Magnetic domains and magnetoimpedance effect during the nanocrystallization of Fe73.5Cu1Nb3Si16.5B6 ribbons

Nanocrystalline Fe-based alloys have softer magnetic properties such as larger saturation inductions and permeabilities, smaller magnetostrictions, coercive fields and anisotropies compared to the same alloys in the amorphous state, which are suitable properties for using these materials as magnetic devices or sensors based on magnetoimpedance (MI) effect.

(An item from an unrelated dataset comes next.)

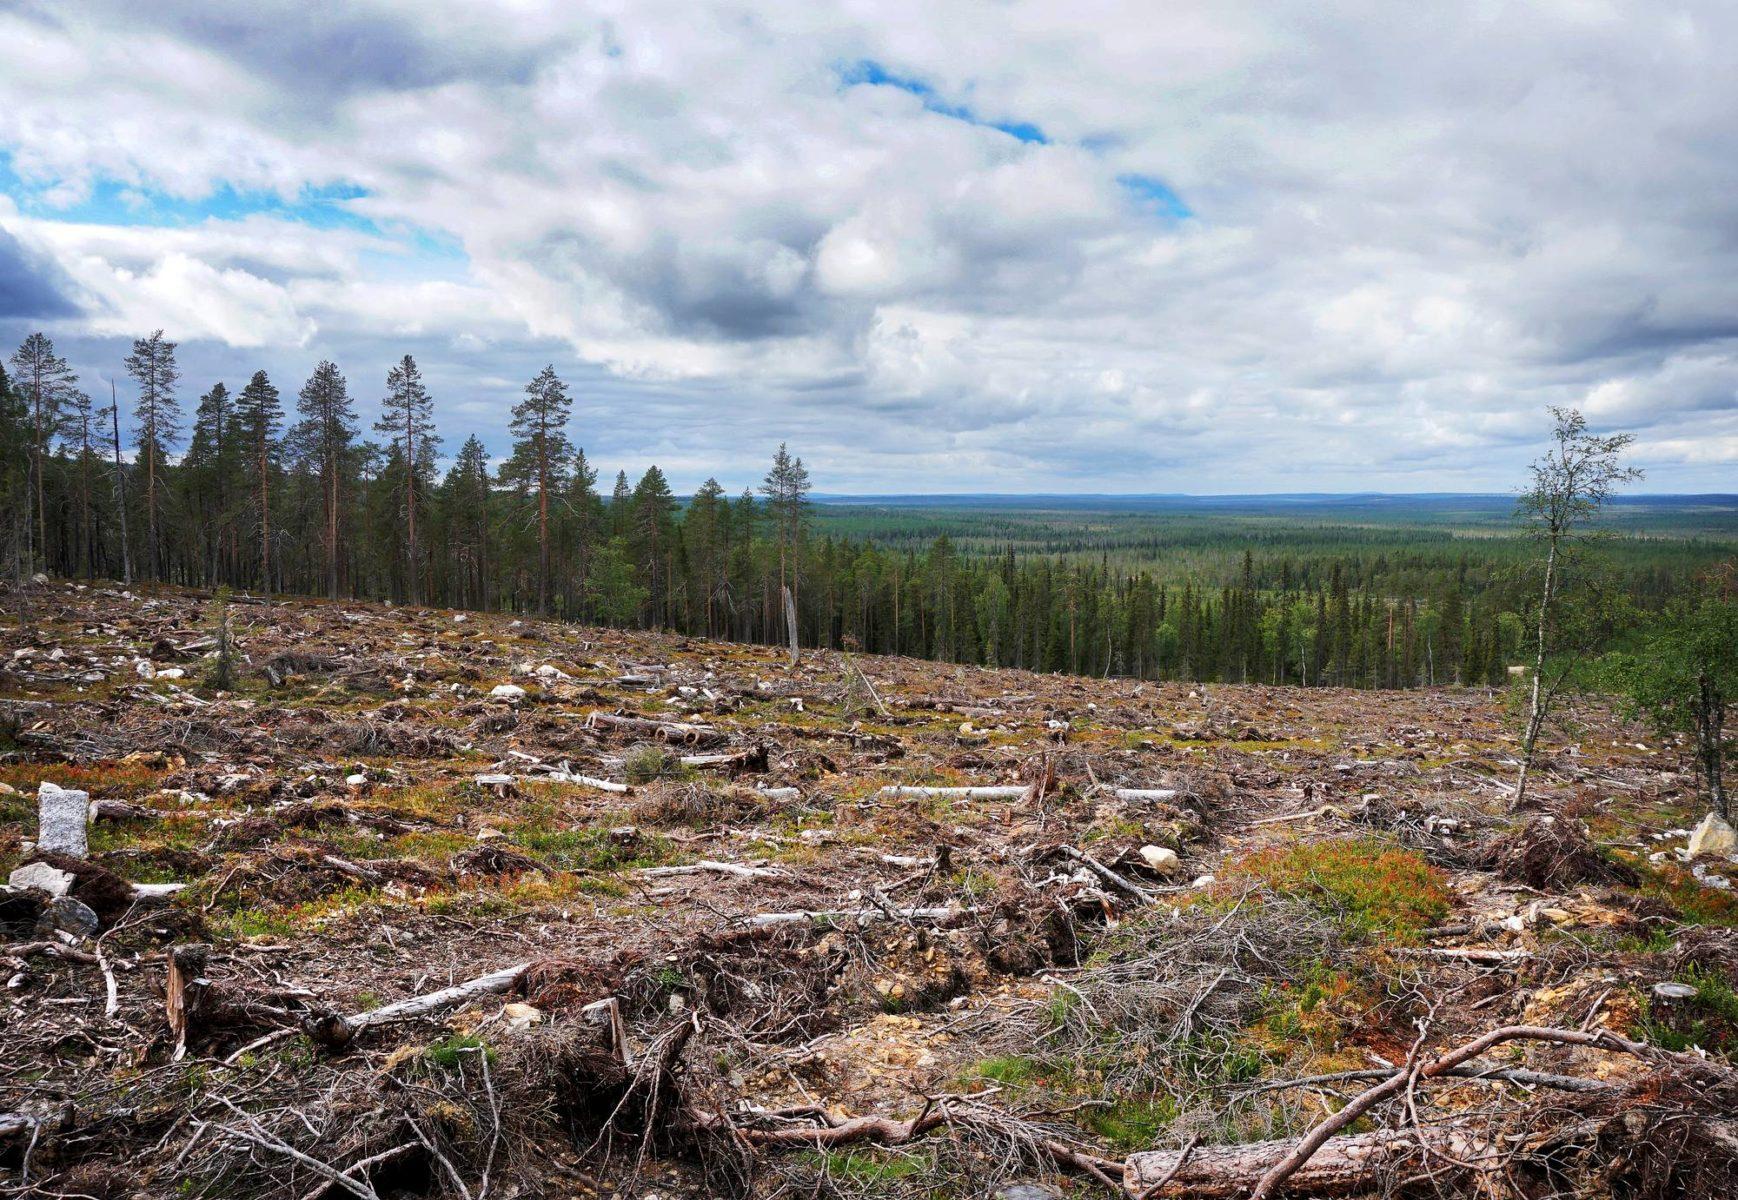 Hakkuut ovat herättäneet keskustelua Suomen metsänhoidon kestävyydestä. Kuva on otettu 13. elokuuta 2020 Sallan Lampi-Kaakkurivaarassa vuonna 2018 hakatulta alueelta.

Melt-spun ribbons made of Fe73.5Cu1Nb3Si16.5B6 were annealed at different temperatures until crystallization, leading to devitrification of the initial state into a two-phase system (amorphous + FeSi grains), to study the correlations between the evolution of the domain widths, in both surfaces of the annealed samples, as well as other parameters such as saturation magnetostriction and electrical resistivity, with the MI effect response. Magnetic domains have been observed by means of the Bitter technique and we have established that after heat treatments, the domain width diminishes from 4.5±0.1 μm for the as-cast ribbon to 2.7±0.1 μm for the sample annealed at 475°C, which is in agreement with theoretical predictions. We also show that the maximum MI ratio is obtained for the ribbons annealed in the temperature range of 550–580°C, when the samples show an optimum nanocrystalline state and exhibit softer magnetic properties.